Houve contestação do aí demandado, na qual, além do mais, se reconveio pedindo a condenação do jogador a pagar ao clube uma indemnização de 8.100.000$00.
A A proferiu decisão pela qual julgou inexistente a justa causa de rescisão invocada pelo jogador, improcedente a pretensão indemnizatória nela fundada, procedente a acção na parte em que tem como causa de pedir a falta de retribuição do mês de Setembro de 1999 e os primeiros 18 dias de Outubro seguinte, no total de 1.440.000$00, acrescida de juros à taxa legal de 7% desde a data em que deveriam ter sido pagos e procedente a reconvenção no montante de 6.660.000$00.
O referido B propôs depois contra o mesmo C, pela 6ª Vara Cível do Tribunal Judicial do Porto, uma acção declarativa onde pediu a anulação da decisão proferida pela A e que se condene ainda o réu a pagar-lhe 8.652.160$00, correspondentes a capital e juros de mora vencidos, tudo acrescido dos juros de mora que à taxa legal e até integral pagamento se vencerem sobre 8.100.000$00.
Subsidiariamente pediu que se mantenha essa mesma decisão arbitral apenas na parte em que lhe foi favorável - a condenação do C a pagar-lhe 1.440.000$00 e juros -, declarando-se nula na parte restante.
Na sequência da contestação do réu - o qual, além do mais, excepcionou a incompetência do tribunal em razão da matéria e, também, do território, indicando como competente o Tribunal do Trabalho de Vila Real -, foi proferido despacho saneador que declarou a incompetência do tribunal em razão da matéria e disse ser competente o Tribunal do Trabalho de Vila Real.
Em agravo do autor a Relação do Porto proferiu acórdão que lhe negou provimento.
Inconformado, o autor interpôs ainda este agravo em 2ª instância no qual pede a revogação do que vem decidido, formulando, ao alegar, conclusões com o seguinte teor:
1. A questão primordial é a de saber se as Varas Cíveis da cidade do Porto serão (ou não) competentes para a apreciação concreta do assunto trazido a juízo.
2. No caso sub judice estamos essencialmente perante uma efectiva acção de anulação de uma decisão de um tribunal arbitral (da A Paritária da Liga Portuguesa de Futebol Profissional, sediada naquela cidade do Porto).
3. Aplicando os vários critérios de competência previstos na lei, e do ponto interno, no que concerne à matéria, será competente o tribunal comum - tribunal civil - uma vez que não existe nenhuma indicação concreta deste tipo de acção (de anulação) a uma jurisdição especial (cfr. art. 66º do CPC), ou a um tribunal de competência especializada (cfr. art. 67º do mesmo diploma).

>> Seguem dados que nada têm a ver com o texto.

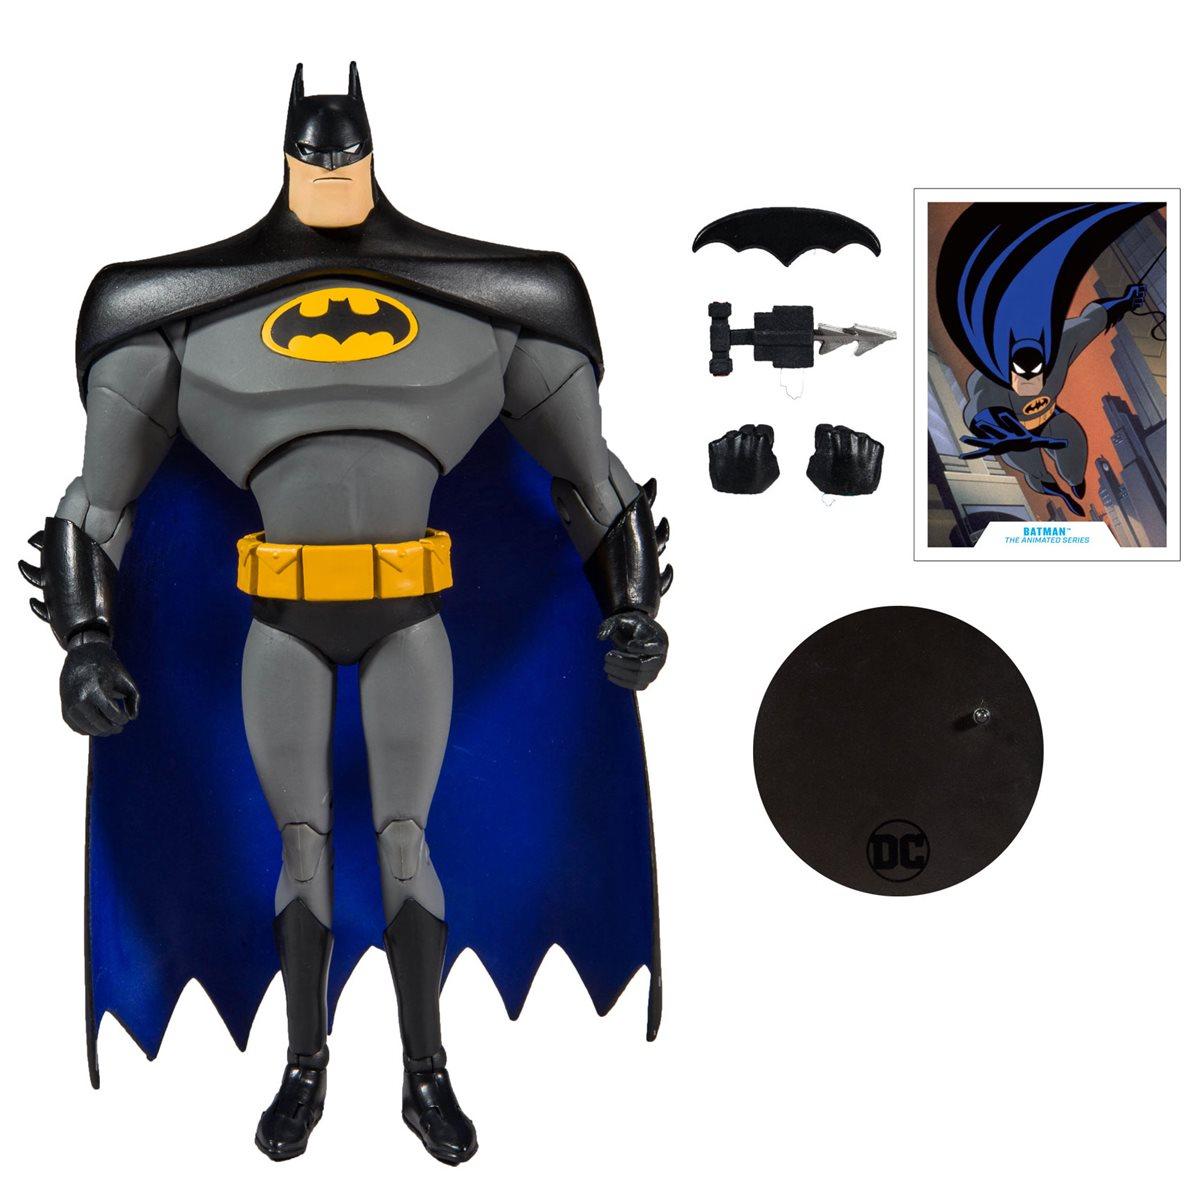 Various Batman Action Figures Opened

4. A competência territorial para conhecer da acção de anulação deverá caber ao tribunal em cuja secretaria se encontra a sentença arbitral.
5. É possível ao tribunal judicial pronunciar-se sobre a relação litigada quando a parte assim lho solicite.
6. Pretendendo a parte que o tribunal judicial dirima o litígio, deverá deduzir dois pedidos na acção: um primeiro de anulação, e um segundo conforme à respectiva pretensão substantiva.
7. Perante as posições adoptadas, deveria o tribunal a quo se ter pronunciado de forma diversa àquela que decidiu, julgando-se então competente (a referida Vara Cível do Porto) para apreciação do caso sub judice, e em consequência pronunciar-se sobre a questão fundamental e principal colocada (a da anulação da decisão arbitral) e, subsidiariamente, da questão da condenação do clube réu.
8. Apesar do litígio submetido à A emergir do contrato de trabalho, tal facto não terá a virtualidade de atribuir competência aos tribunais do trabalho para o conhecimento da acção de anulação.
9. O pedido de anulação da sentença arbitral não emerge directamente da relação laboral, embora esta lhe seja subjacente.
10. Os tribunais de trabalho só têm competência para conhecer das questões que a lei taxativamente lhes atribui.
11. Os tribunais de trabalho não são competentes para conhecer do pedido de anulação da sentença proferida pela A constituída no âmbito do CCT celebrado entre o Sindicato dos Jogadores Profissionais de Futebol e a Liga Portuguesa de Futebol Profissional, com fundamento na incompetência da A para dirimir o litígio laboral surgido entre o jogador e o clube.
12. Não existindo afectação da acção de anulação nem a jurisdição especial, nem a tribunal de competência especializada, o tribunal competente em razão da matéria será o tribunal de competência genérica.
13. Assim a douta sentença recorrida violou, entre outros, os arts. 66º, 67º e 668º, nº 1, al. d) do CPC e ainda o nº 1 do art. 27º da Lei nº 31/86, de 29/8.
Respondeu o agravado no sentido da improcedência do recurso.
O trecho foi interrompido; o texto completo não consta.